» RAW DATA:
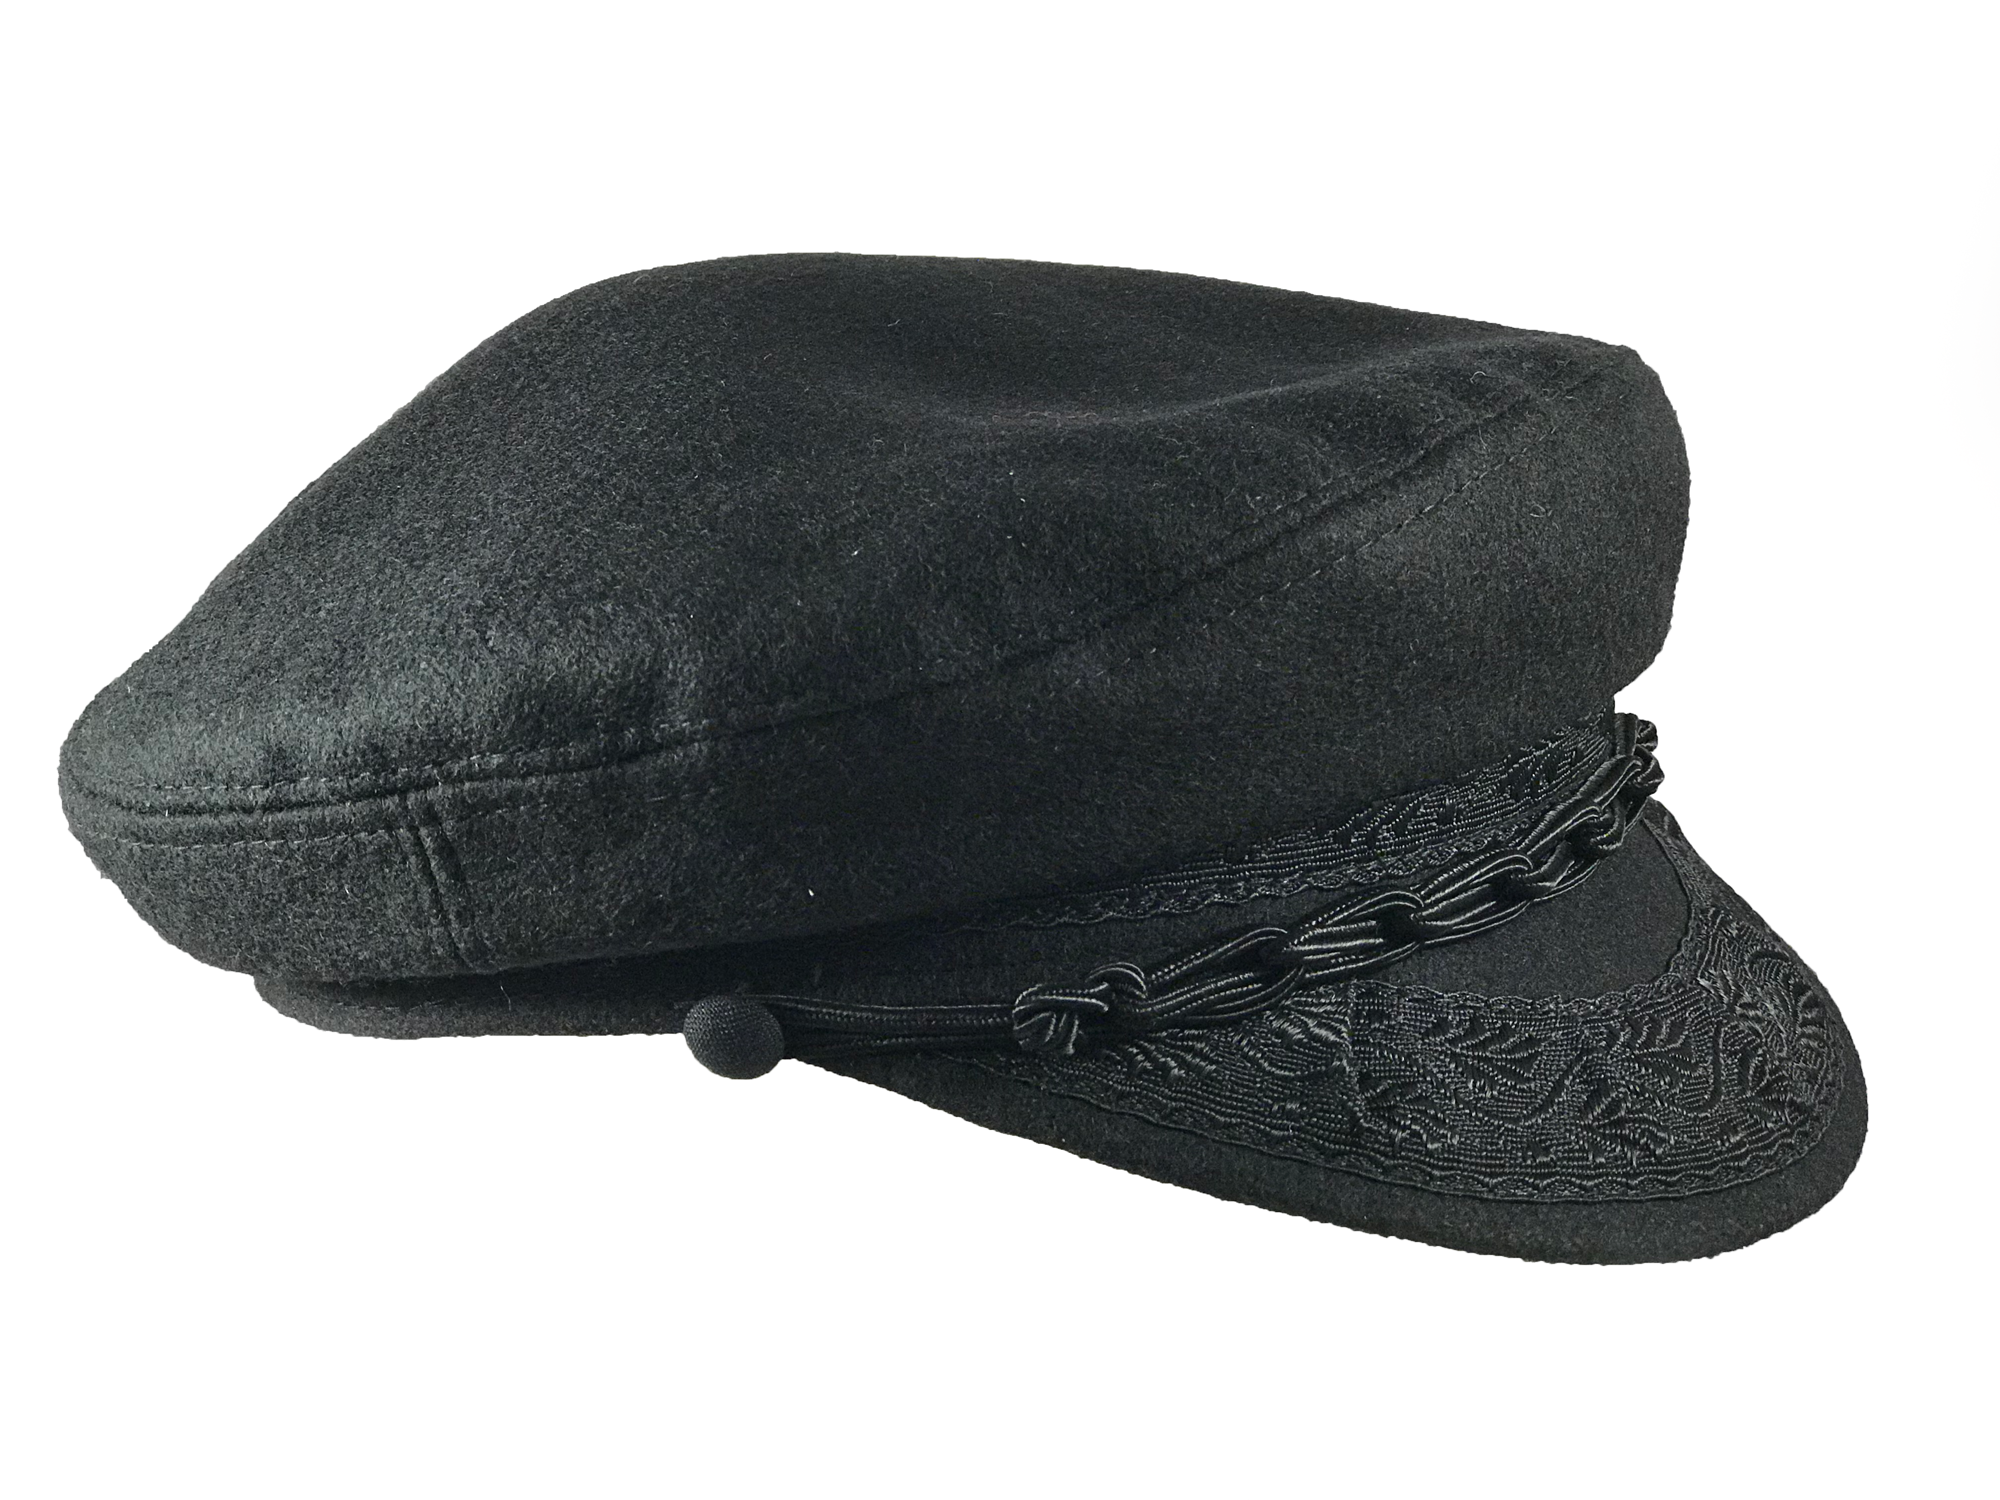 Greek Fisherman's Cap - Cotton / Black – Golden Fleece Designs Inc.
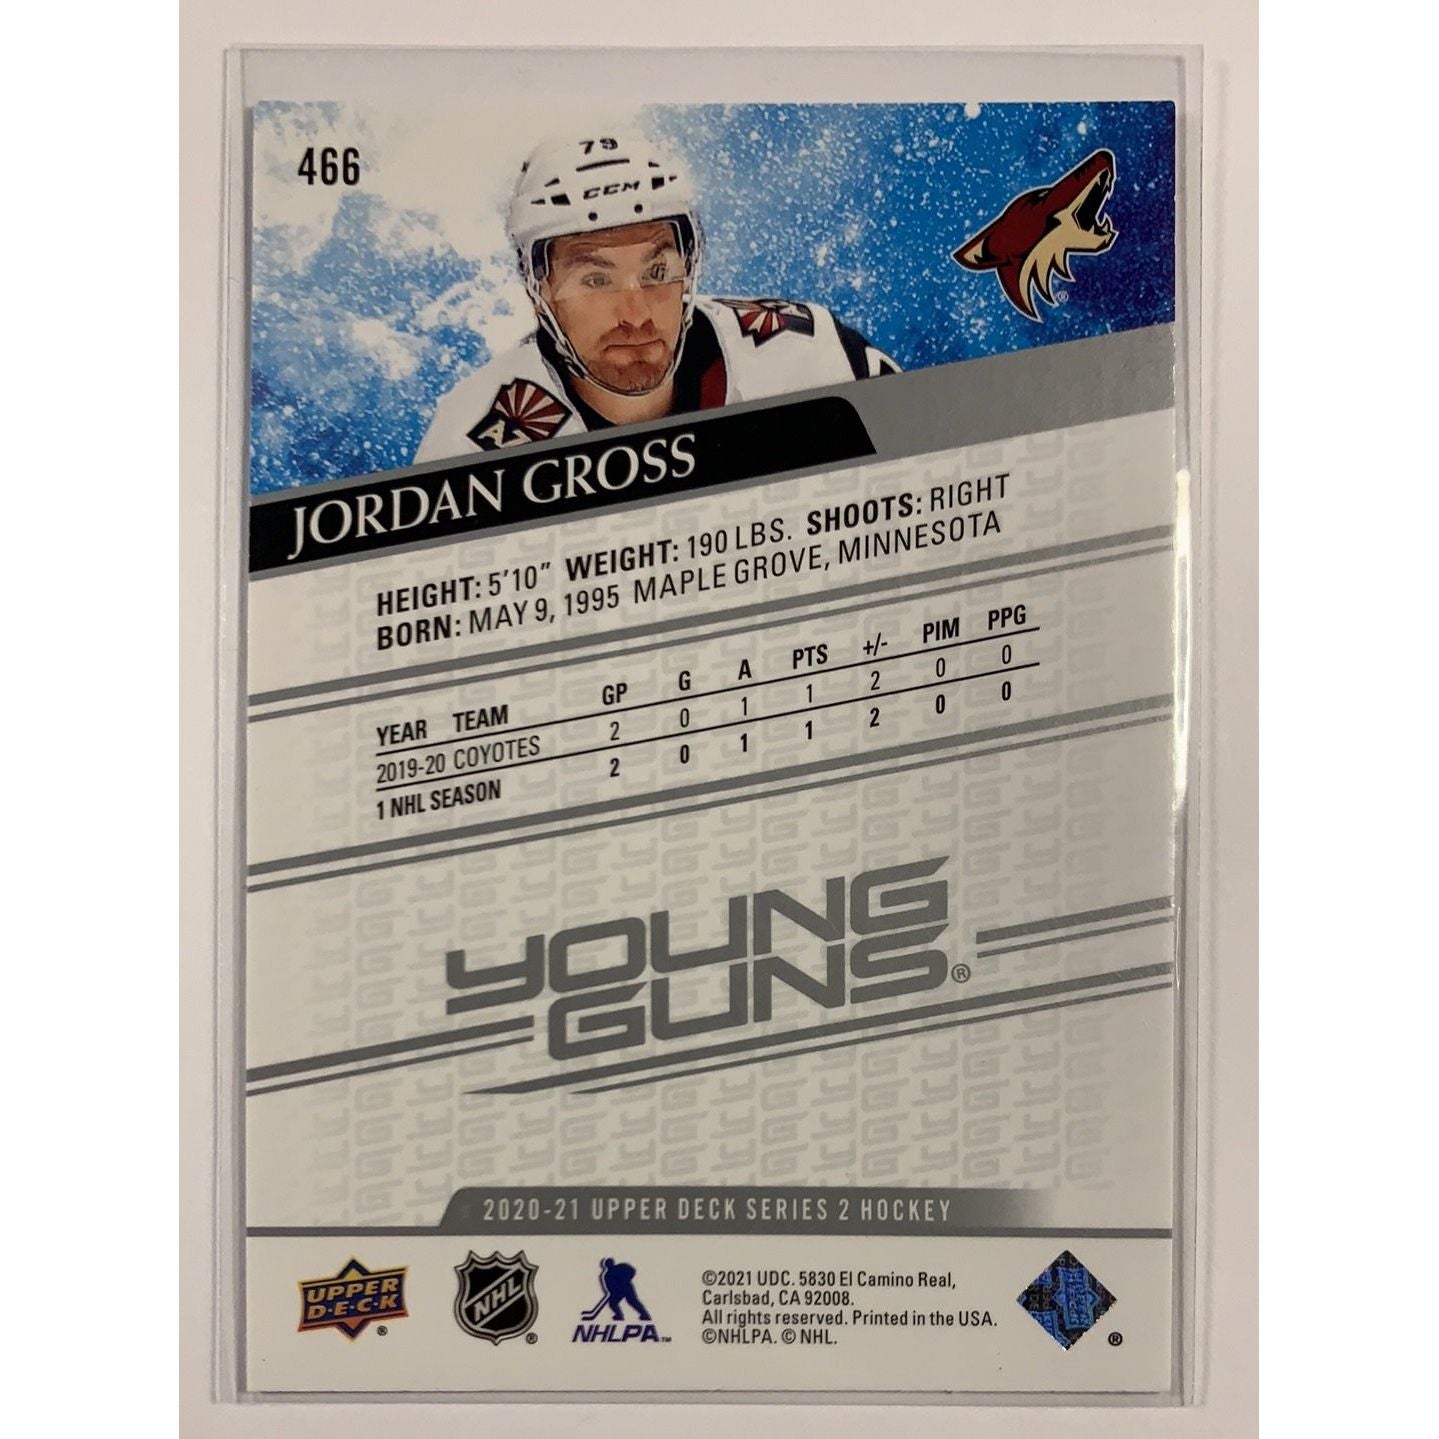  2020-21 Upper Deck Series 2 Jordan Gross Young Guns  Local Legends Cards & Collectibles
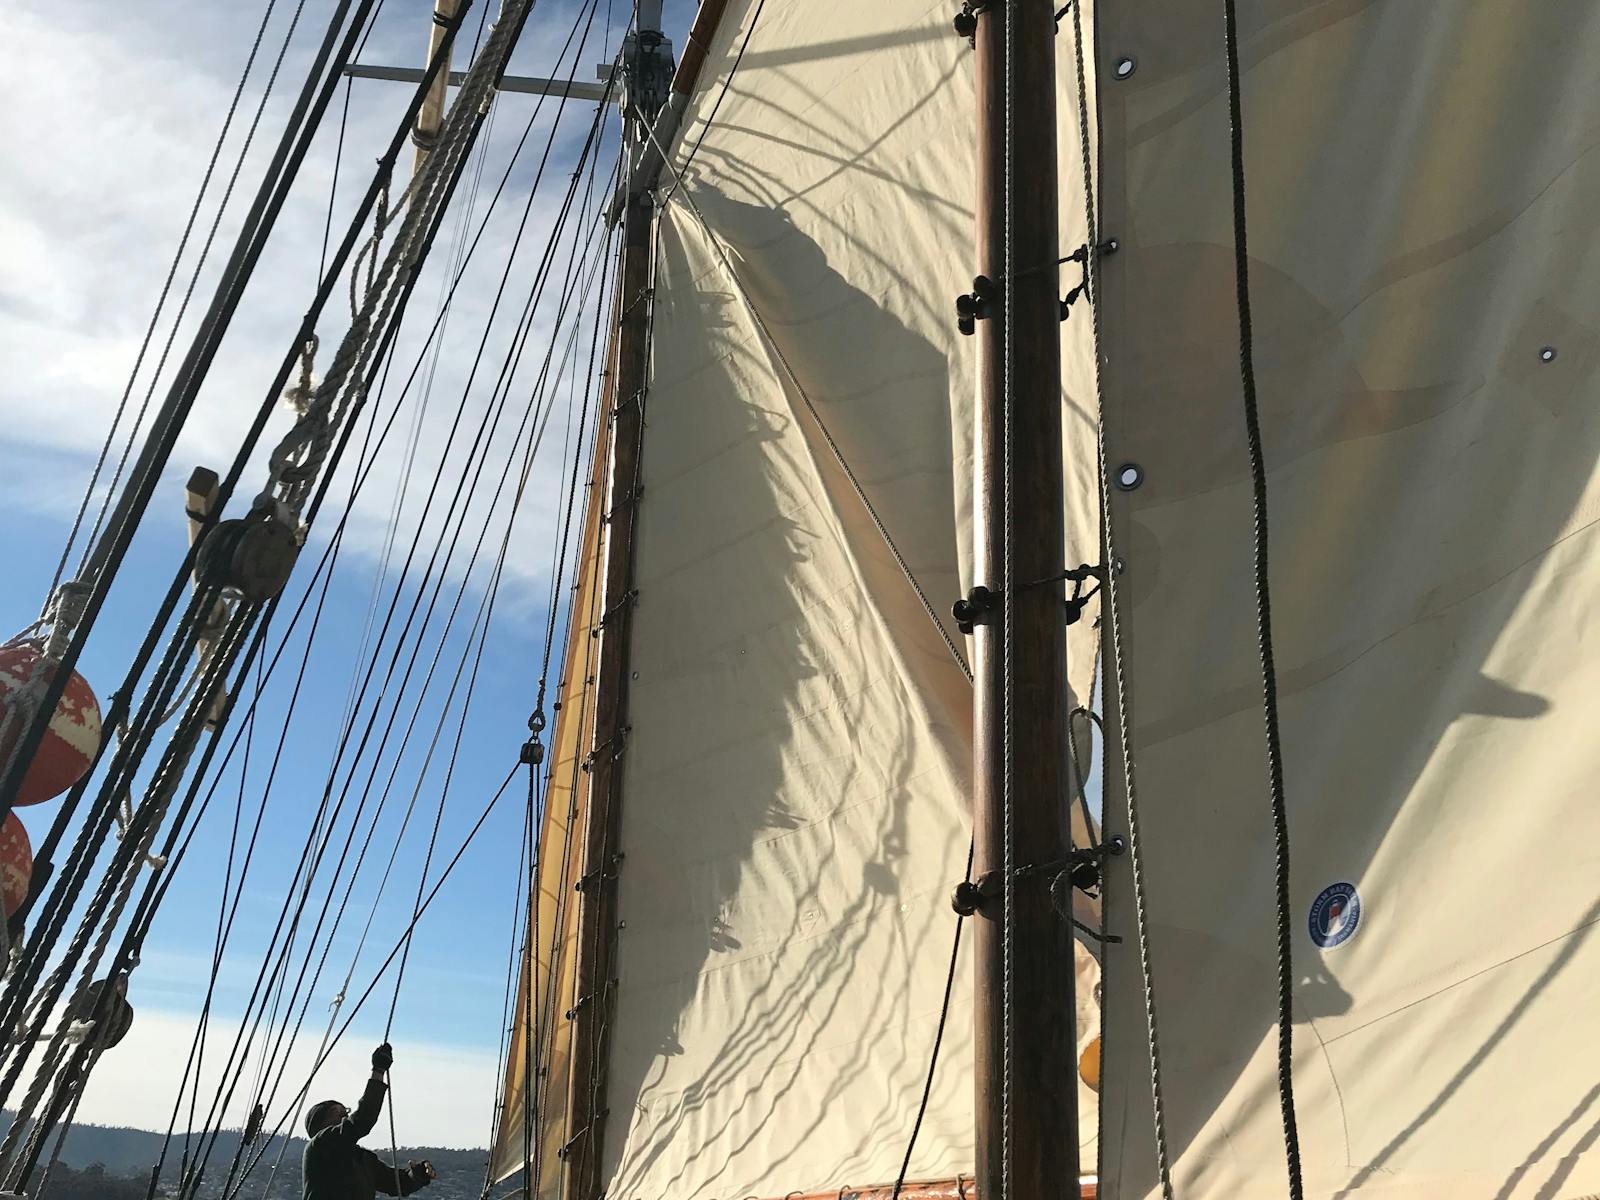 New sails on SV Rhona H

» ASSIGNMENT:
The reply must consist of the complete listing, reproduced exactly, with no images.

» SOLUTION FOR THIS PROBLEM:
 Greek Fisherman's Cap - Cotton / Black – Golden Fleece Designs Inc.
  2020-21 Upper Deck Series 2 Jordan Gross Young Guns  Local Legends Cards & Collectibles
 New sails on SV Rhona H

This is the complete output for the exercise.